Without any of the pictures, transcribe all the lines below exactly.

-- Data shown --
+ + + + + + +

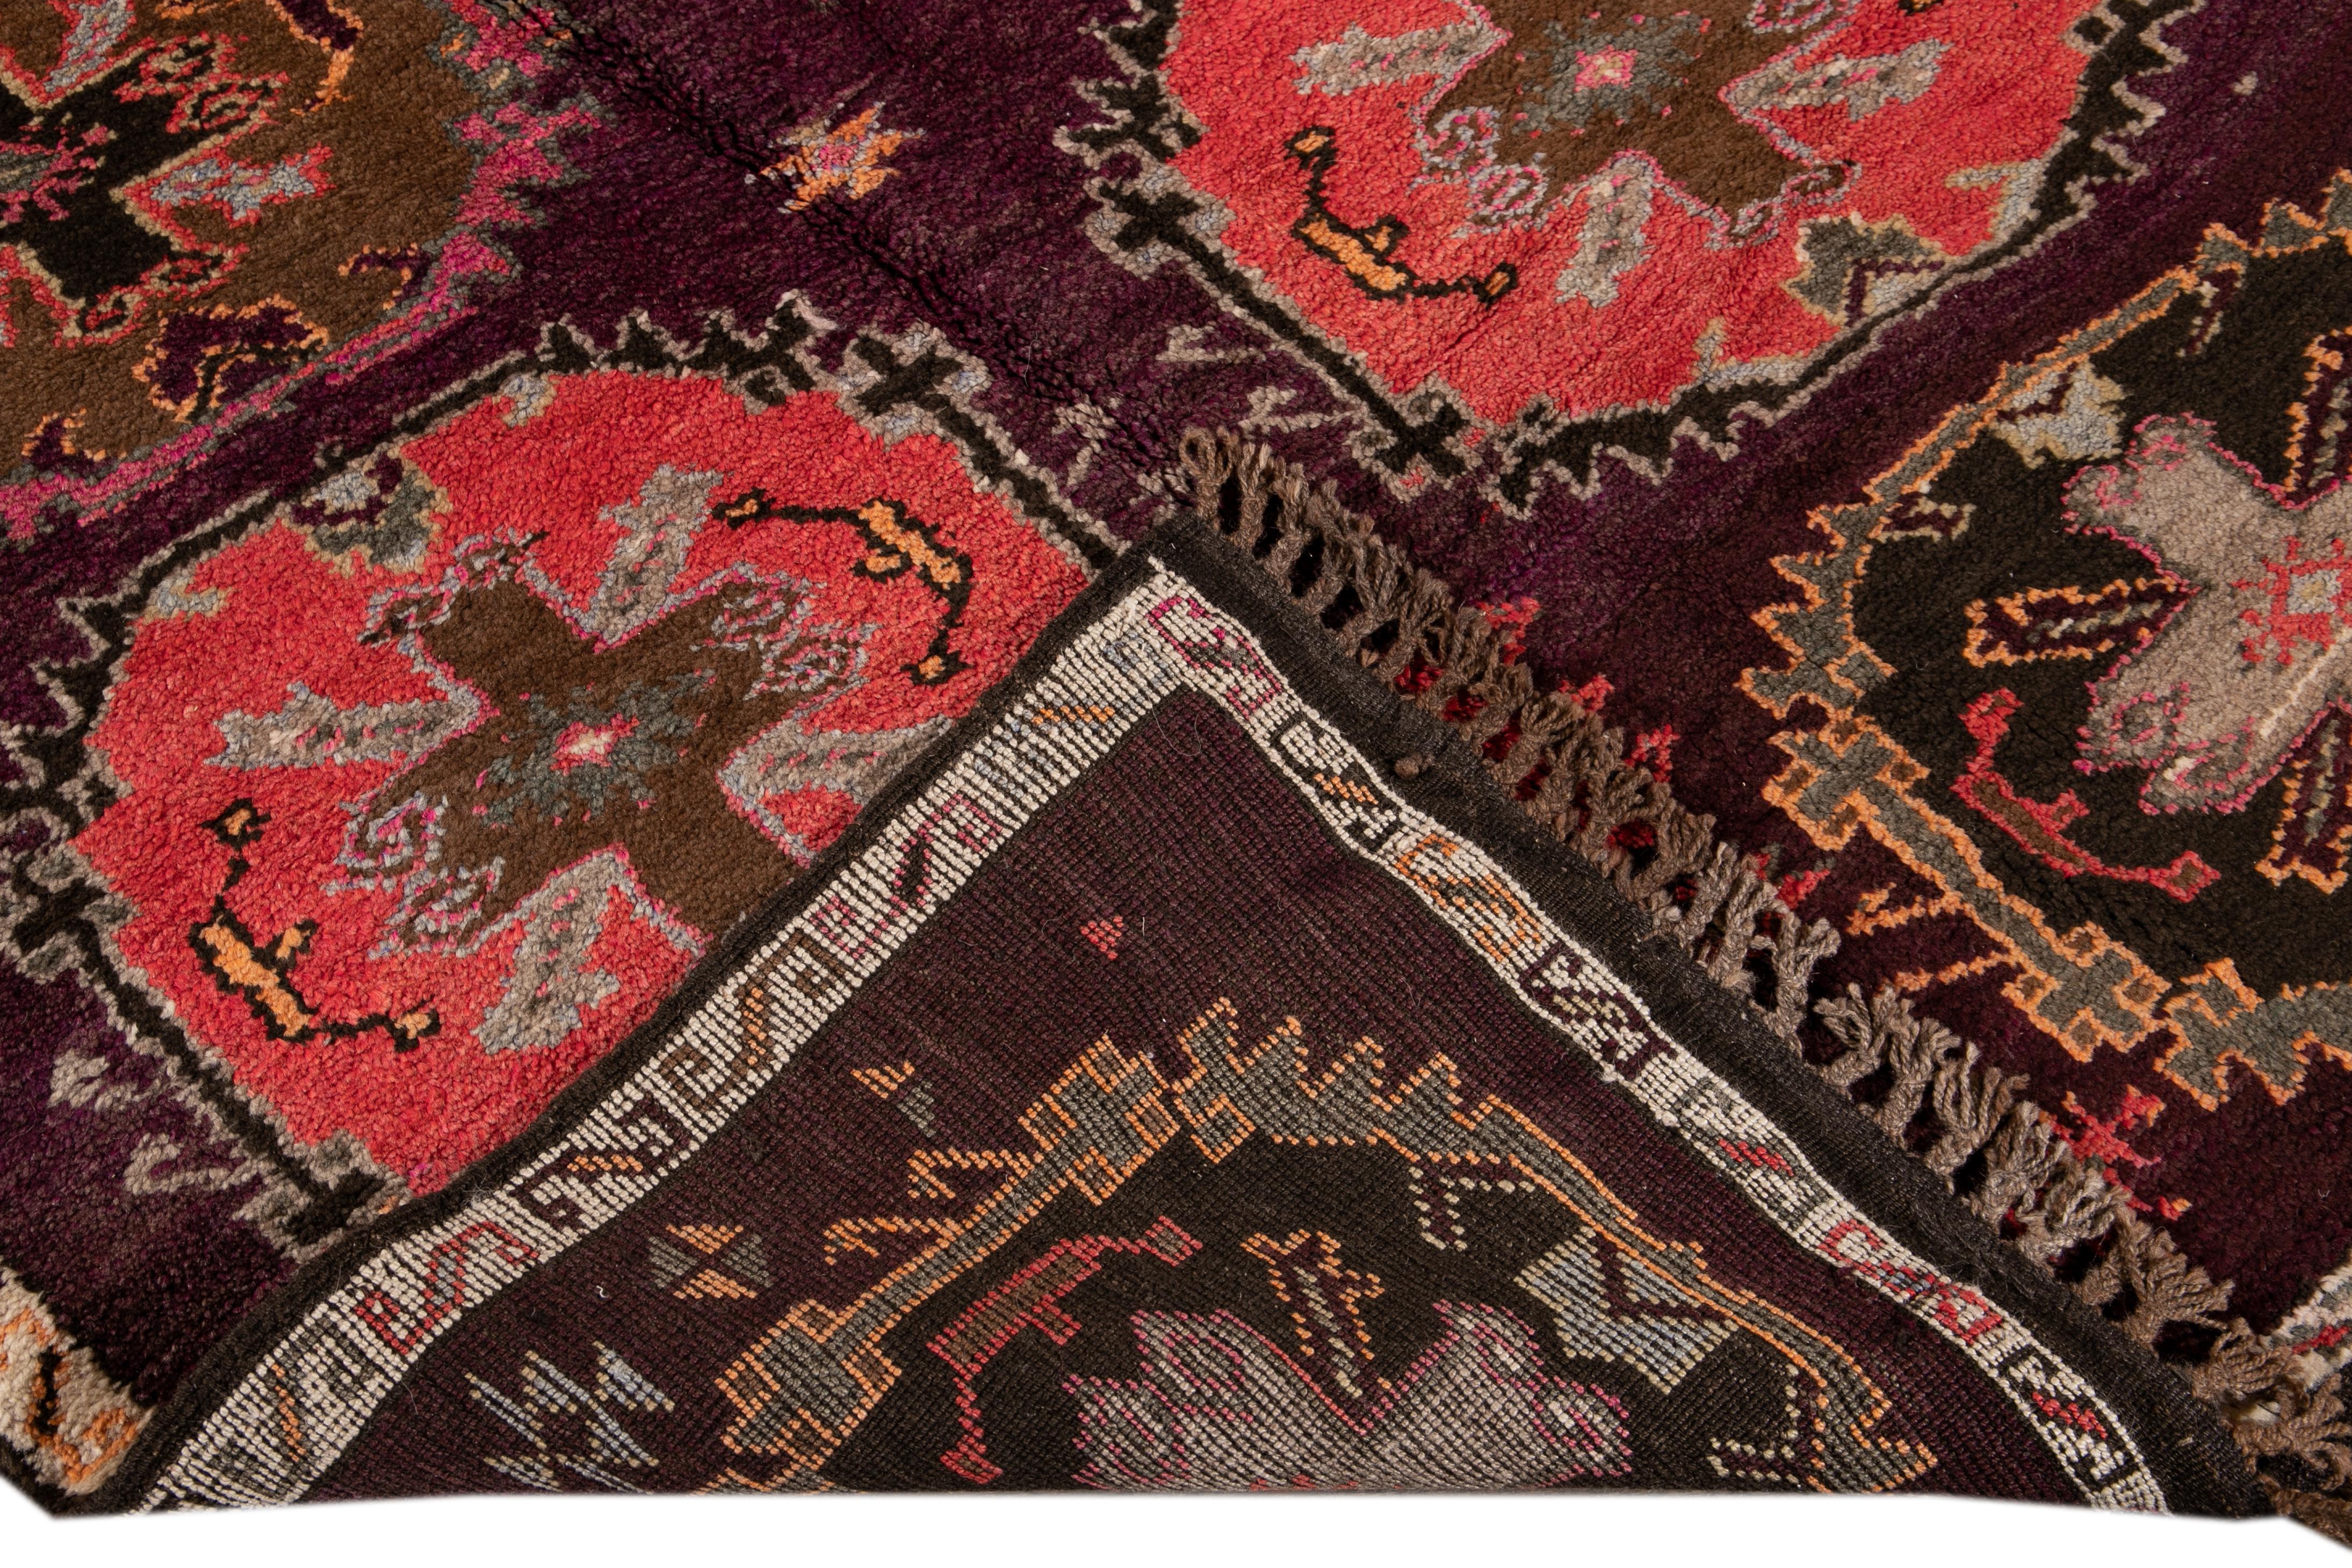 Beautiful vintage Turkish hand-knotted wool rug with a Purple field. This Turkish rug has an Ivory frame and multi-color accents in a gorgeous all-over geometric Tribal design.

This rug measures: 4'10
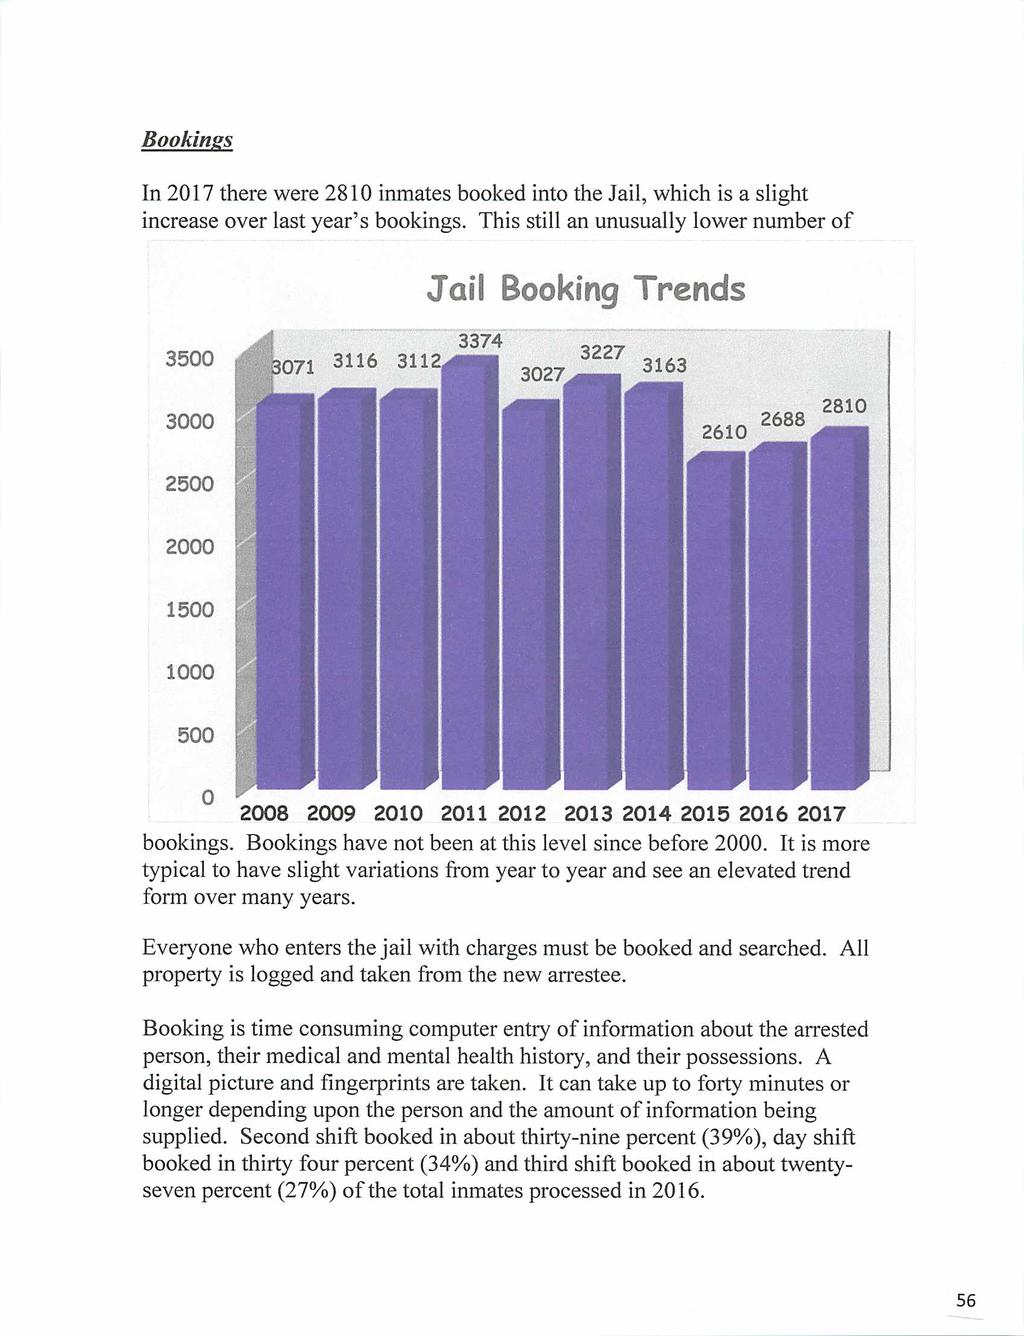 Bookings In 2017 there were 2810 inmates booked into the Jail, which is a slight increase over last year's bookings.

+ + + + + + +

-- Exercise response --
 Beautiful vintage Turkish hand-knotted wool rug with a Purple field. This Turkish rug has an Ivory frame and multi-color accents in a gorgeous all-over geometric Tribal design.

This rug measures: 4'10
 Bookings In 2017 there were 2810 inmates booked into the Jail, which is a slight increase over last year's bookings.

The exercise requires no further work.